▶ **Data supplied**:
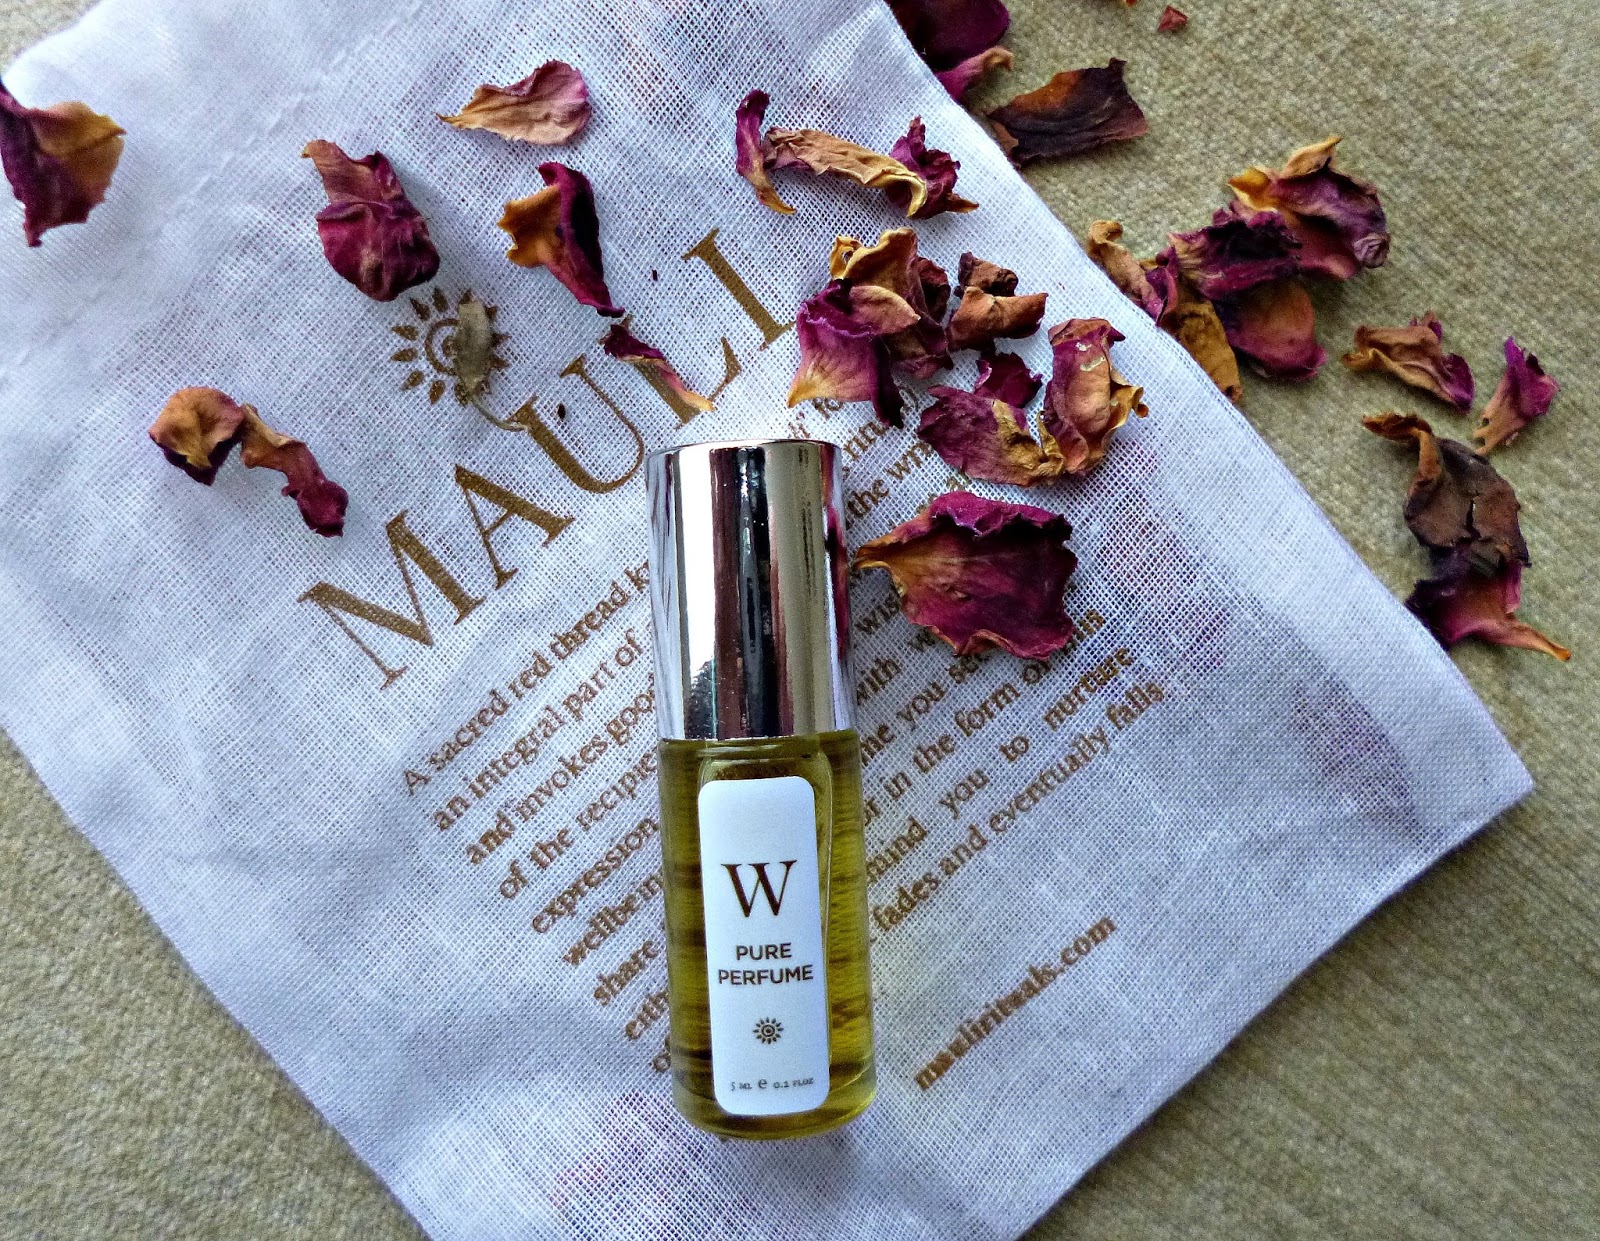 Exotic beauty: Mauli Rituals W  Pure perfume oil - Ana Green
...
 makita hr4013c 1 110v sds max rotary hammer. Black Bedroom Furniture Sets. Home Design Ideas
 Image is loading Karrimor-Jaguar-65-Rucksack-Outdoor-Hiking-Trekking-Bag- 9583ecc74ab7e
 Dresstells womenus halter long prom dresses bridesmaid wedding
==
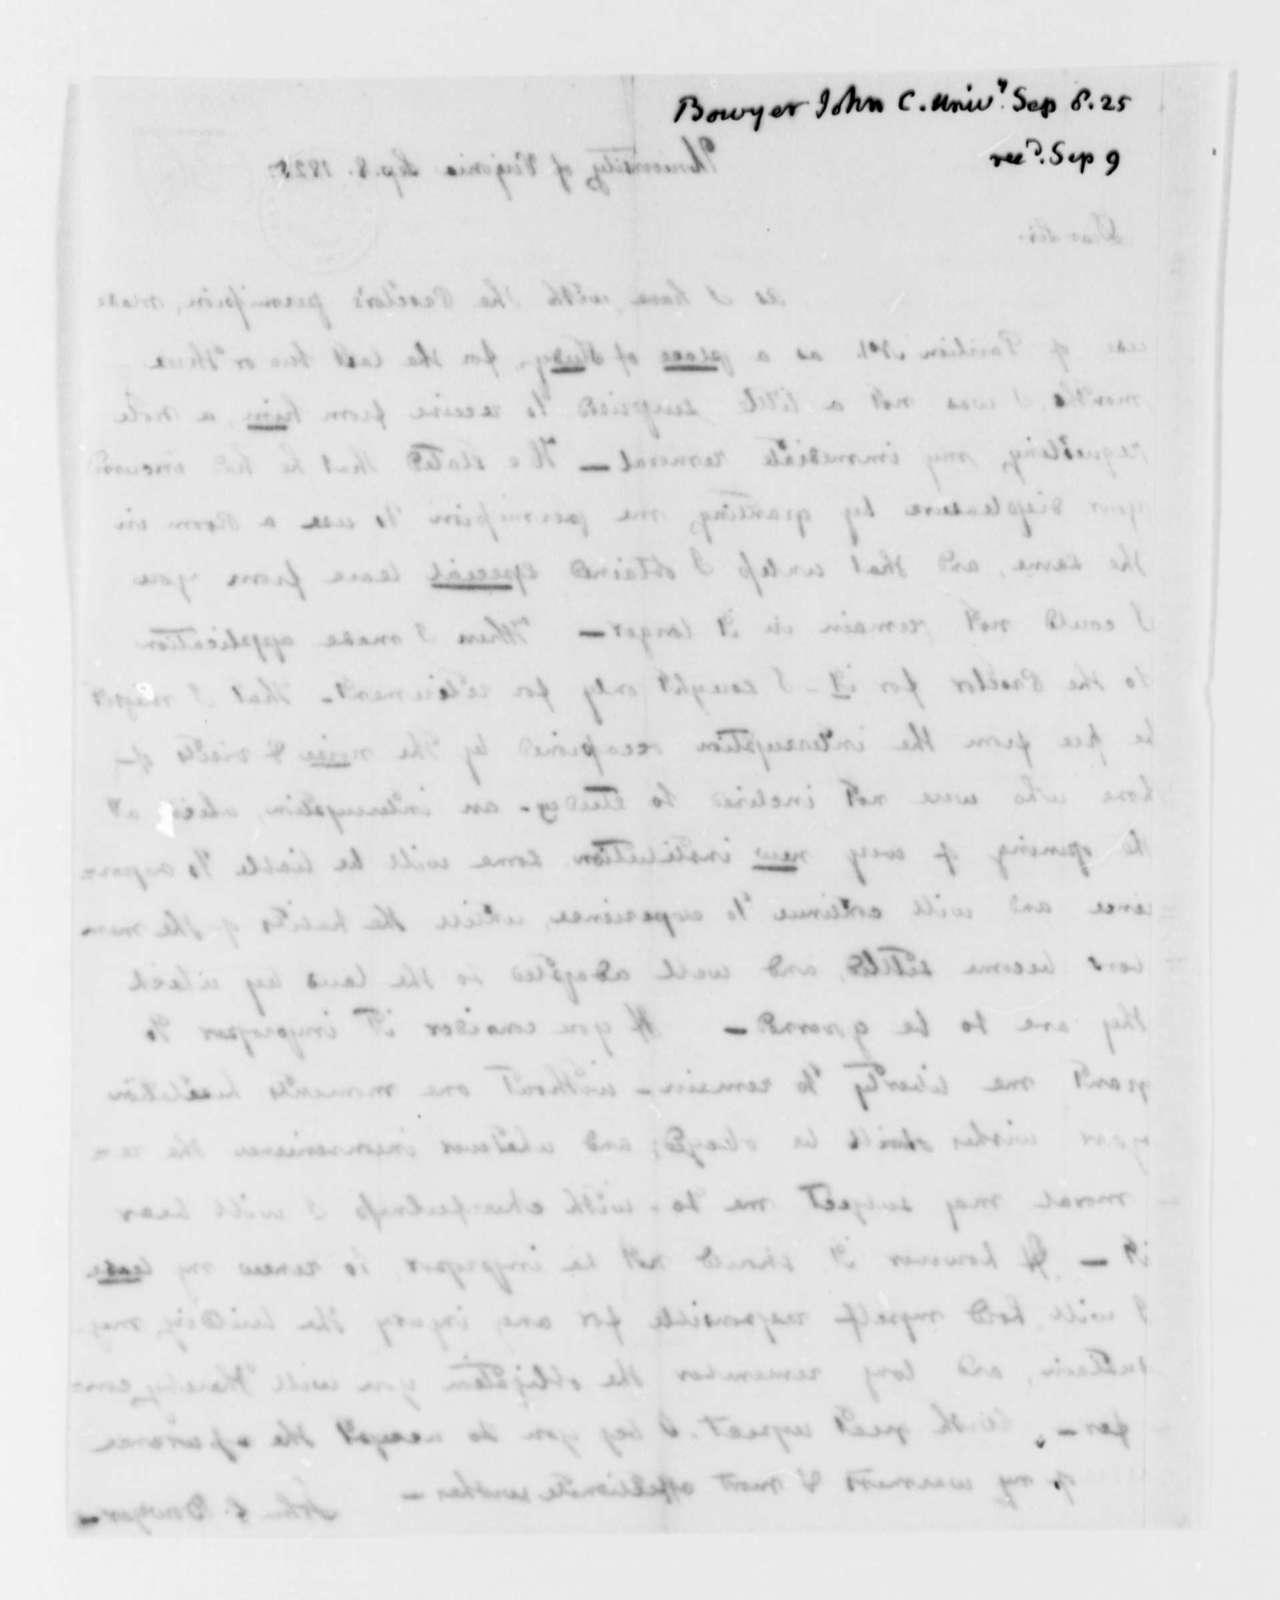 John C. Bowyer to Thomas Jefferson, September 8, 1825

▶ **Task item**:
The stretch of entries above that starts with the line containing "makita hr4013c 1" and goes on through the line containing "Dresstells womenus halter" is to be transcribed exactly, and no other line is to be transcribed.

▶ **Finished task**:
 makita hr4013c 1 110v sds max rotary hammer. Black Bedroom Furniture Sets. Home Design Ideas
 Image is loading Karrimor-Jaguar-65-Rucksack-Outdoor-Hiking-Trekking-Bag- 9583ecc74ab7e
 Dresstells womenus halter long prom dresses bridesmaid wedding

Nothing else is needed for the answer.